Thanks very much.
We have been working with Marine Harvest for several years. We set out five science priorities to do collaborative work on to try to resolve some of the science conflict. And it has been challenging, but we are getting there and we hope that some of the analysis that will come out of the monitoring program and the data-sharing agreements that have now been signed by all parties will help to contribute to everyone's depth of knowledge on this.
The other big piece of it was the closed-containment pilot. Marine Harvest Canada has put in their budget for next year a request for $4 million to $6 million approval from their head office in Oslo to construct a closed-containment pilot. They have hired an engineering company, and they are actively seeking appropriate sites right now on Vancouver Island, particularly the north island. We are working with them on how the analysis will be undertaken, and we've also embarked on a joint benefit-cost analysis of closed containment.
There are a lot of issues out there, but the economics is a big one. One of the things we're looking at is the externalized costs. If you're going to say that closed containment is prohibitive cost-wise for the industry, you have to look at where they're getting a free ride. Currently they don't have to pay anything for waste disposal because it goes into the ocean and the cost is borne by our children, our ocean ecosystem, the health of our wild populations. So we want to see if we can place a value on those externalized costs to get a fairer comparison.
The Canadian Science Advisory Secretariat, the CSAS study, did conclude that closed containment would be economically viable, but that there would be a lower profit margin for the industry. We believe that this is definitely worth the government's consideration, given the impacts the industry is having on other sectors of the economy, including people like Mr. Sewid, who's talked about the importance of wild salmon for grizzly viewing and orca whale watching and the integral role they play in the health of our ecosystem. We believe that if the federal government could make a significant commitment to invest in closed containment in British Columbia and get pilot projects off the ground, and there are several of them on the books and in the works, this in turn will trigger an investment from the philanthropic community.
I was very successful in raising several million dollars from philanthropic foundations who are interested in fostering closed-containment development, but it requires an investment from the federal government as well. Marine Harvest has been very clear with us that if there were a federal government commitment, and that in turn leveraged the philanthropic investment, that would definitely make things much more likely to go through in terms of Oslo investing in the pilot project here. The international corporation is definitely interested in this. We have met with their sustainability committee, which includes representatives from their operations in Norway and Chile and Canada, everywhere that they're operating, and they are looking quite strongly at the potential of expansion and the potential of investment. So we hope that the government support will be the missing piece that will really trigger a very strong movement forward in that direction.

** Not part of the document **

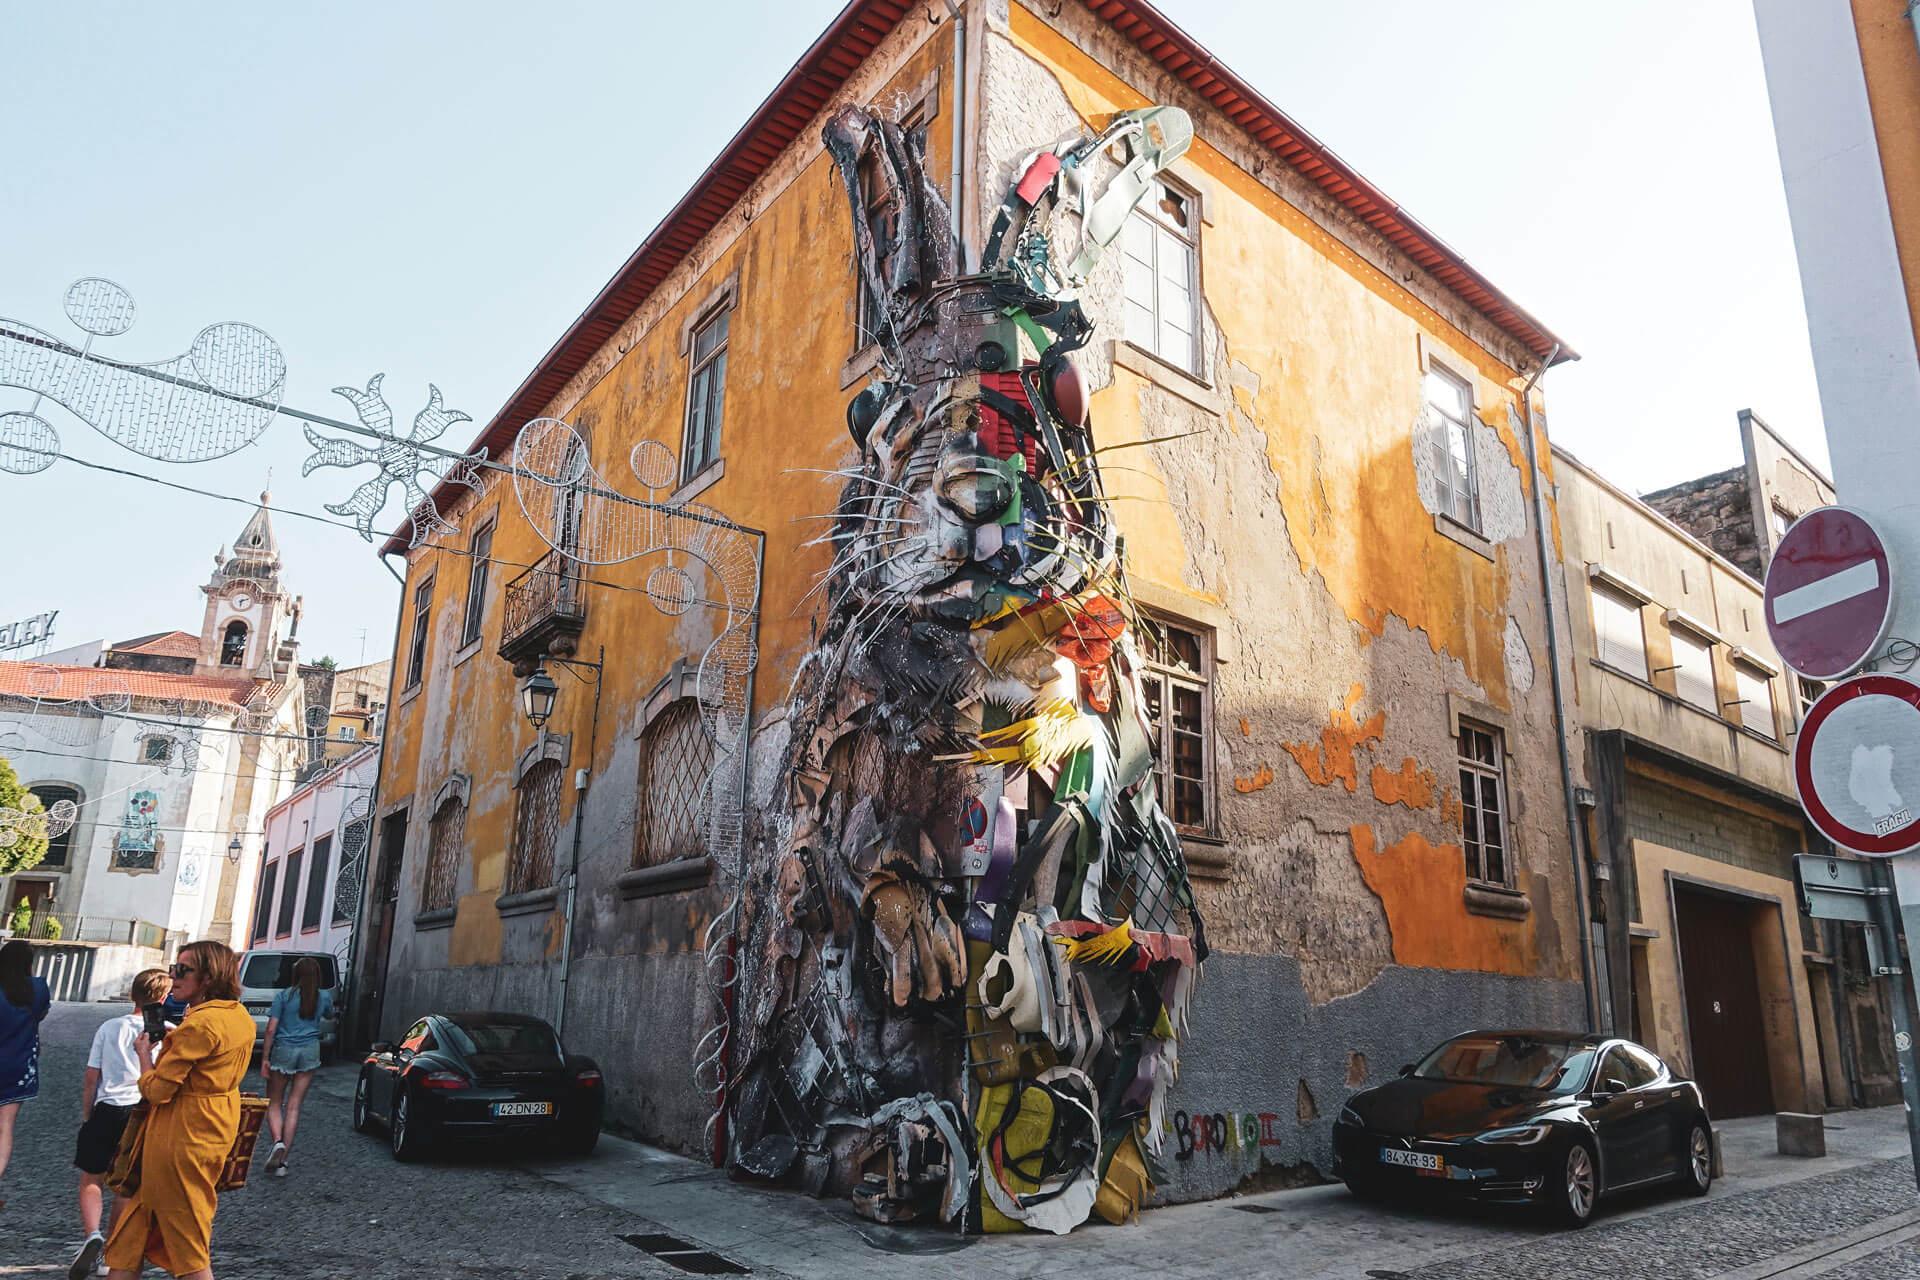 Streetart in Gaia - Hase

And honestly, we're open to however that investment comes. It could come through a budget allocation to the AMAP program, to existing federal infrastructure, so the pieces are in place to manage the investment. It could be a direct grant to the aquaculture innovation fund at Tides. We'd just like to see our government make the commitment to say this is the way forward, and this is the way we can start to resolve some of the problems and allow the industry to grow and secure marketplace in a more sustainable way.